These measures have been defined in a methodological way following a method proposed by Calero et al. (2001), which consists of three main tasks: metric definition, theoretical and empirical validation. However, in this paper, we focus only on empirical validation. Work related to the definition of measures and to theoretical validation can be found in Genero (2002).
Even though understandability was not considered as a subcharacteristic of maintainability by ISO 9126 (2001), we included it because there exists a lot of work related to software measurement that considers understandability as a factor that influences maintainability (Briand et al. 2001; Fenton and Pfleeger 1997; Harrison et al. 2000).
We considered the time spent analysing what modifications had to be made and the time needed to perform them together, because it is difficult to separate both times in a reliable way.

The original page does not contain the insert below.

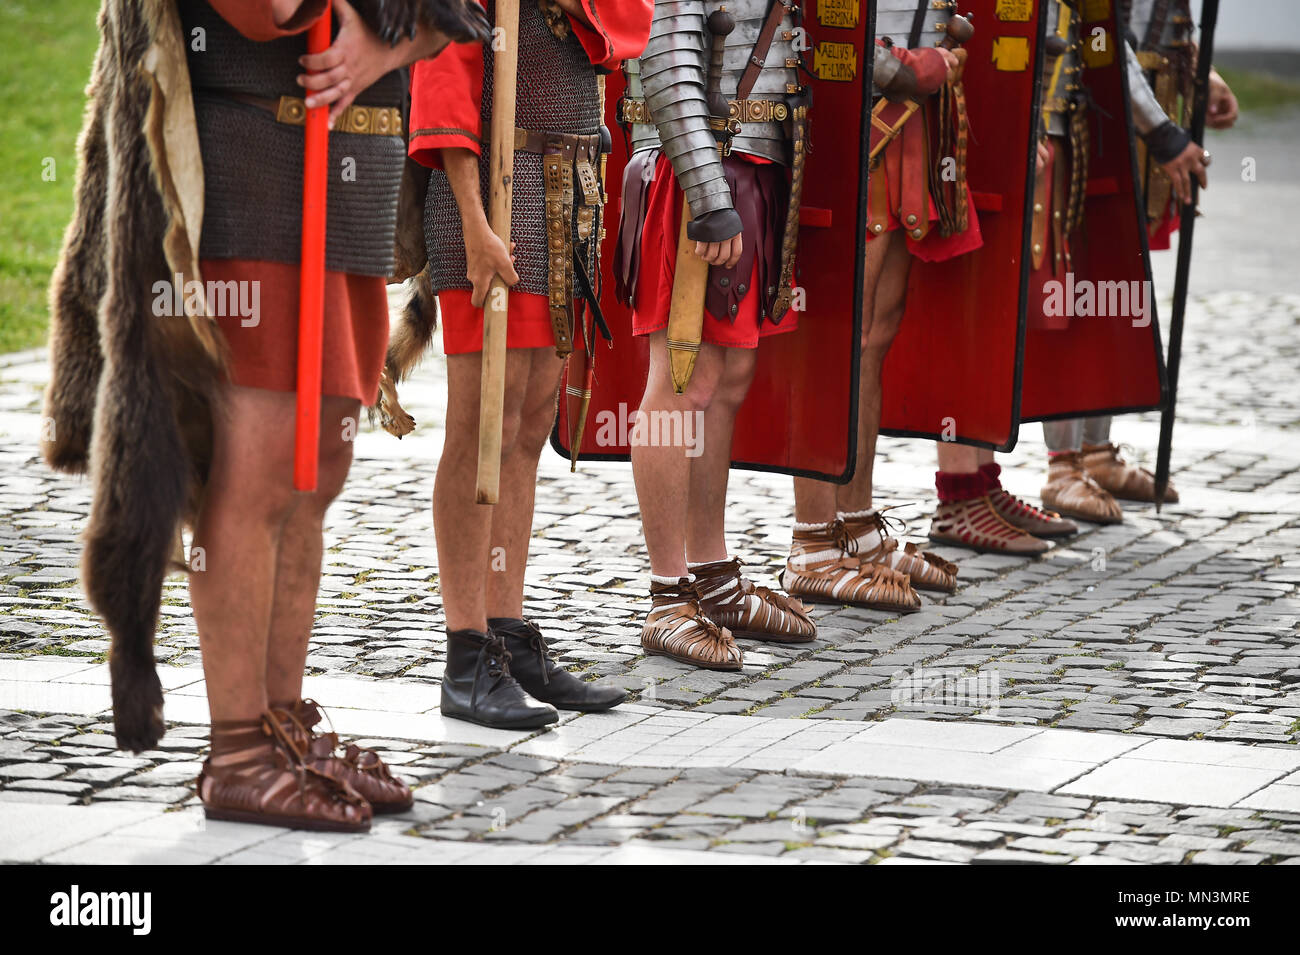 Reenactment detail with roman soldiers uniforms Stock Photo

For carrying out the data analysis, we assigned numbers to each linguistic level as follows: “Very simple” corresponded to 1 and “Very complex” corresponded to 5.
Most of the diagrams were assigned to four subjects, but diagrams E3 and M3 were assigned to five subjects because there were 38 subjects and nine diagrams. The subjects were our students and we could not exclude two of them solely on the basis of design considerations.
In this kind of test, is usual to select a significance level greater than 0.10 to reduce the Beta error (i.e. the, the probability of accepting the variable as having a Normal distribution when the distribution is actually not Normal) (Snedecor and Cochran 1989).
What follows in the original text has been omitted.